M3 India Newsdesk Oct 04, 2024

The article reviews dietary strategies like low-carb diets, intermittent fasting, and plant-based diets for managing type 2 diabetes. It also highlights the need for personalised approaches to improve outcomes.


Introduction

Type 2 Diabetes Mellitus (T2DM) is a global public health concern, characterised by chronic hyperglycemia due to insulin resistance and impaired insulin secretion.

Effective glycemic control remains pivotal in preventing microvascular and macrovascular complications associated with T2DM. While pharmacological interventions are essential, dietary strategies play a critical role in managing blood glucose levels. 


Emerging dietary strategies

1. Low-carbohydrate (LCHF) and ketogenic diets

Mechanism: Low-carbohydrate diets (typically <130g/day) and ketogenic diets (<50g/day) reduce glucose availability, prompting the body to utilise fatty acids and ketones as primary energy sources. This reduction in carbohydrate intake directly impacts postprandial glucose and insulin levels.

Evidence: Studies demonstrate that low-carbohydrate and ketogenic diets can significantly improve HbA1c, reduce body weight, and lower the need for antidiabetic medications. A systematic review and meta-analysis indicate a reduction in HbA1c by 0.5-1.0% over 6-12 months on low-carbohydrate diets.
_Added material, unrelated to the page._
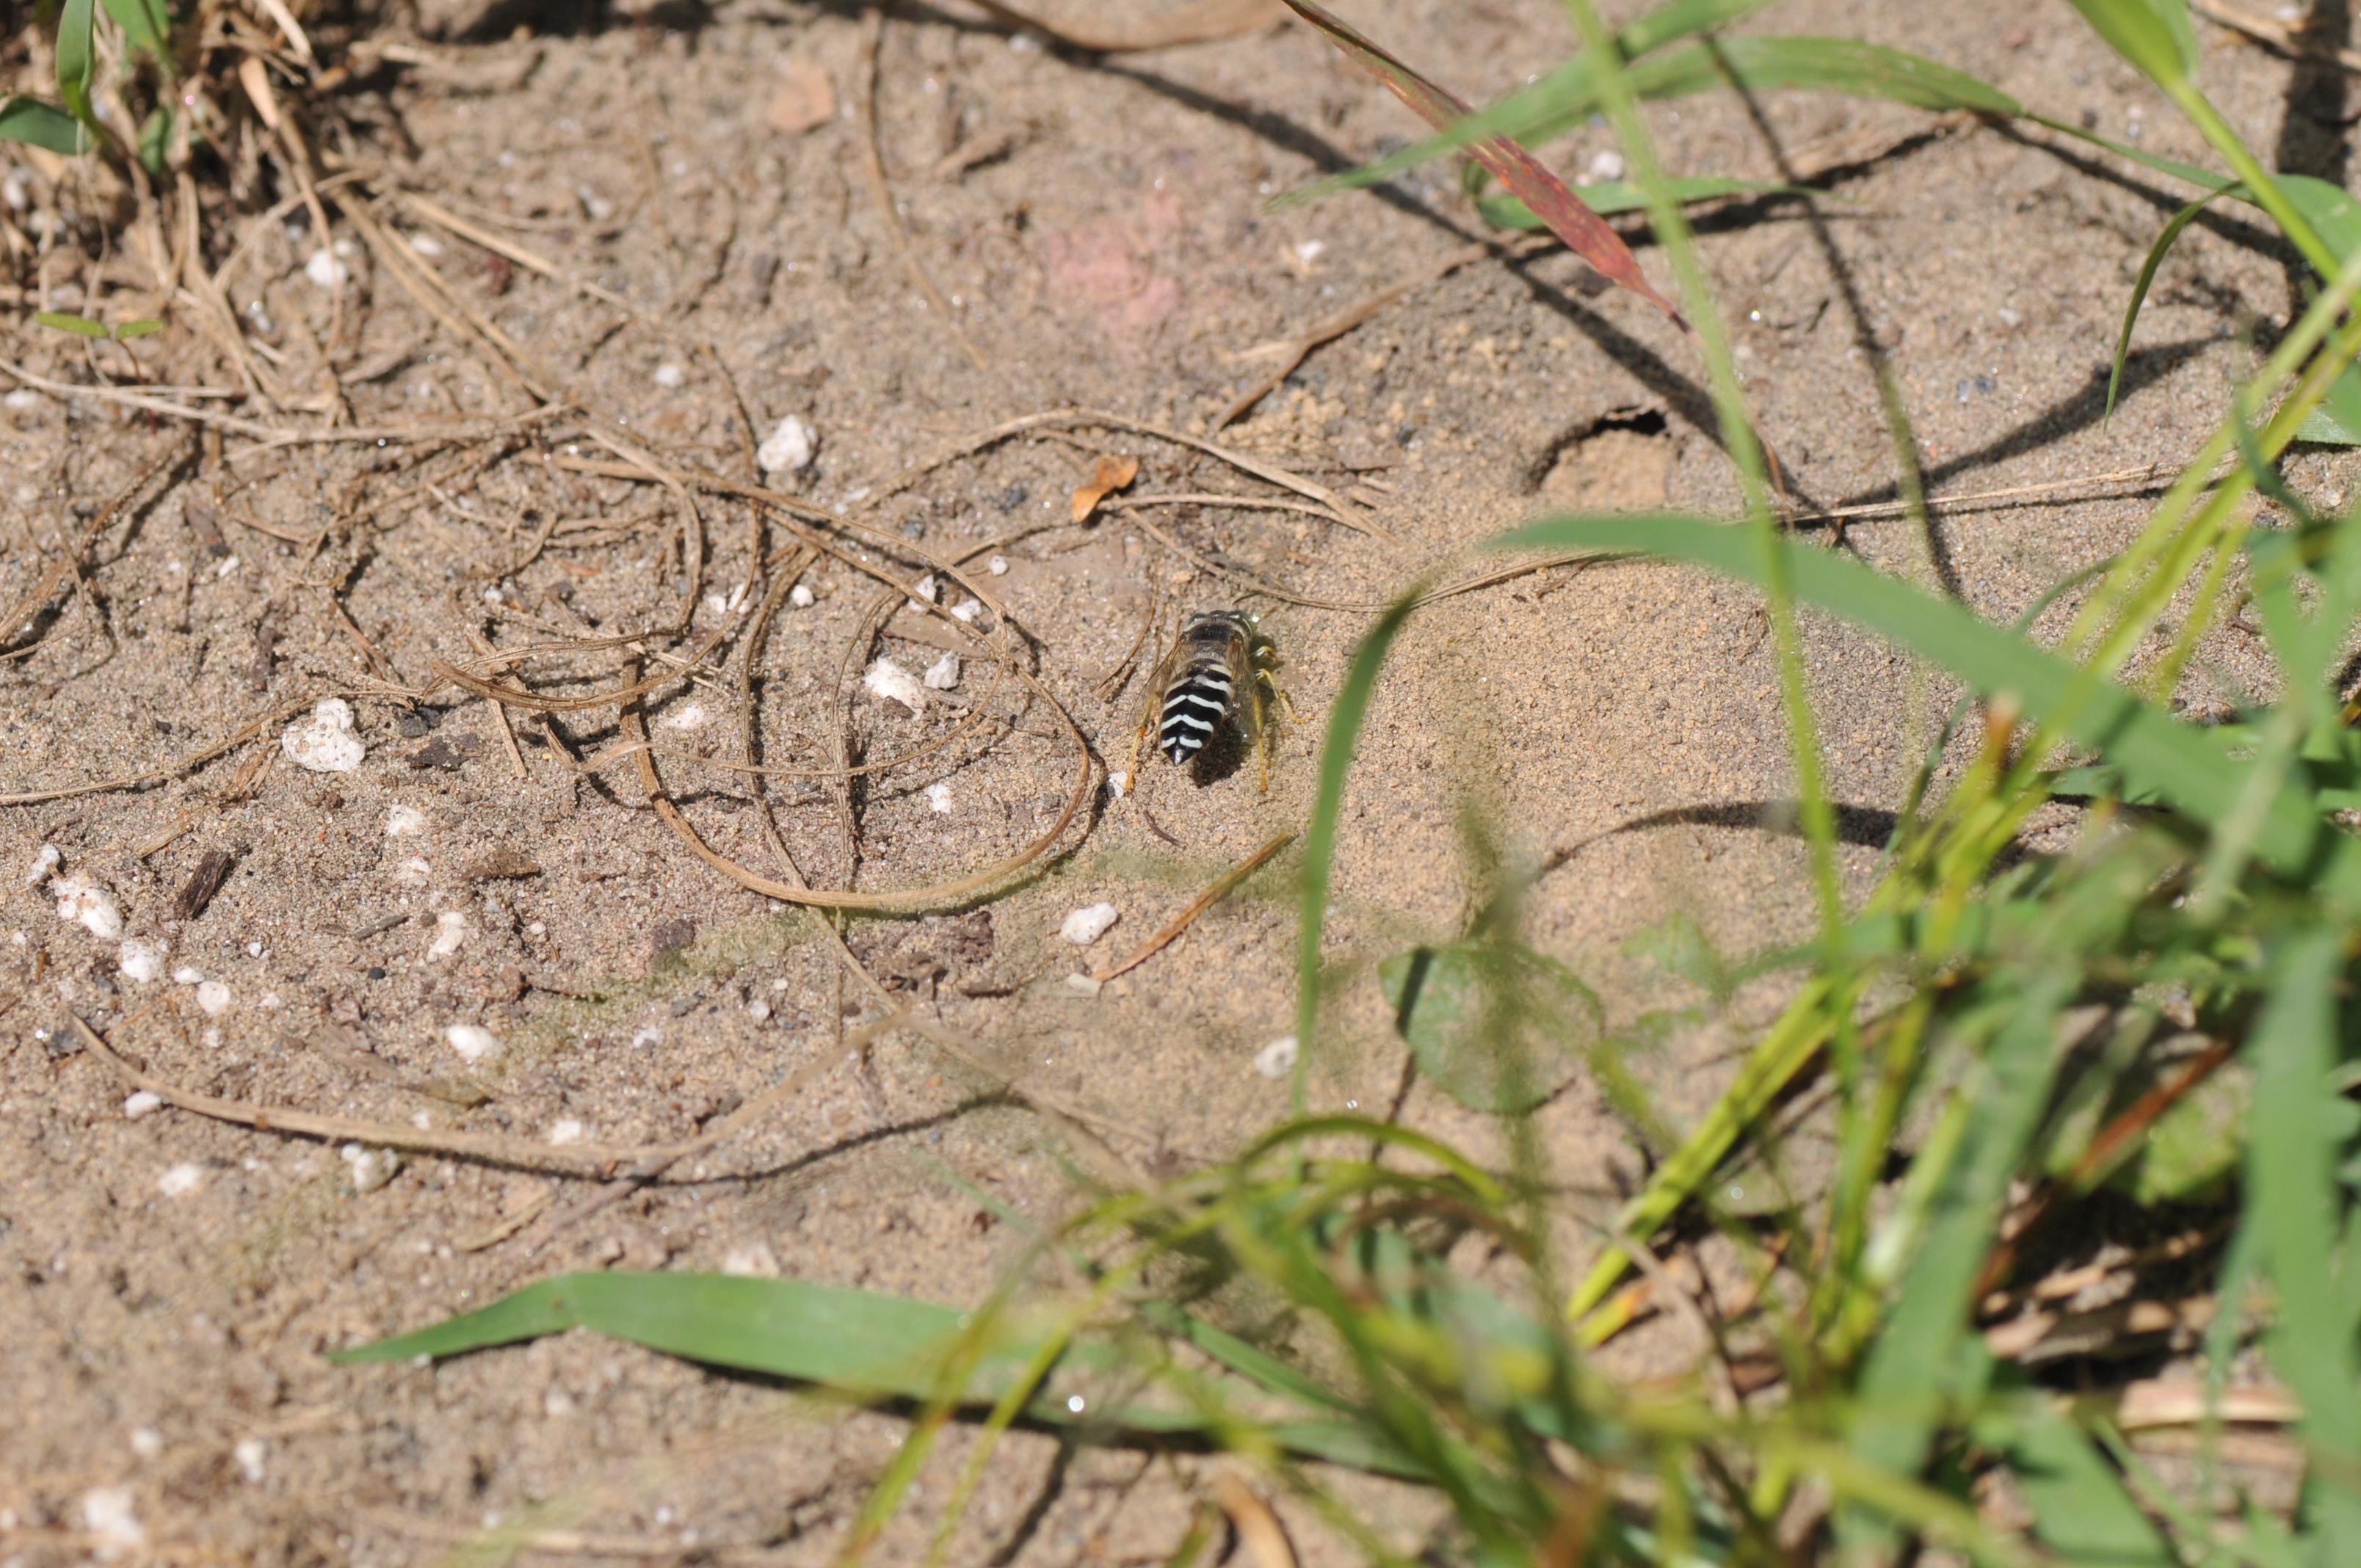 Sand wasp digging
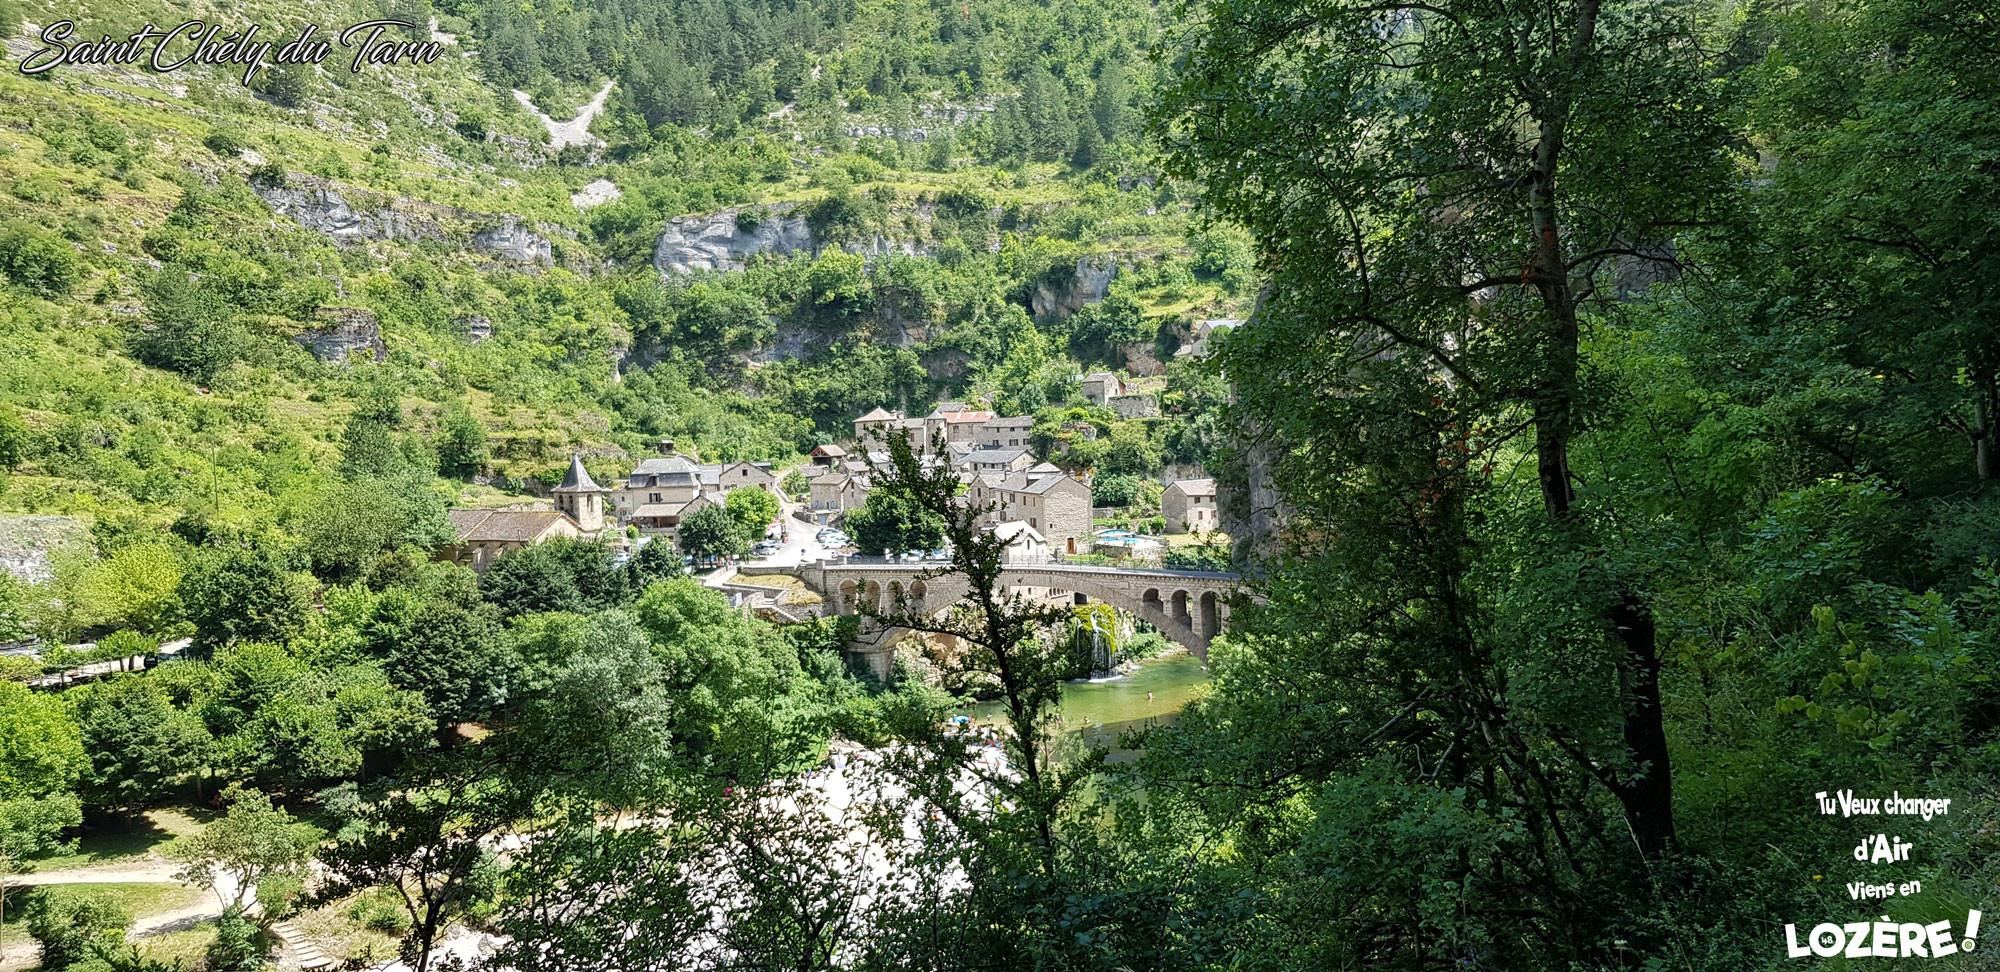 Saint-Chély-du-Tarn.jpg

Considerations: While effective, these diets require careful monitoring of renal function, lipid profiles, and potential for hypoglycemia, especially when patients are on insulin or sulfonylureas.

2. Intermittent fasting (IF)

Mechanism: Intermittent fasting involves cycling between periods of eating and fasting, which can enhance insulin sensitivity, promote weight loss, and reduce inflammation. Popular IF patterns include 16:8 (16 hours fasting, 8 hours eating) and the 5:2 diet (5 days normal eating, 2 days restricted intake).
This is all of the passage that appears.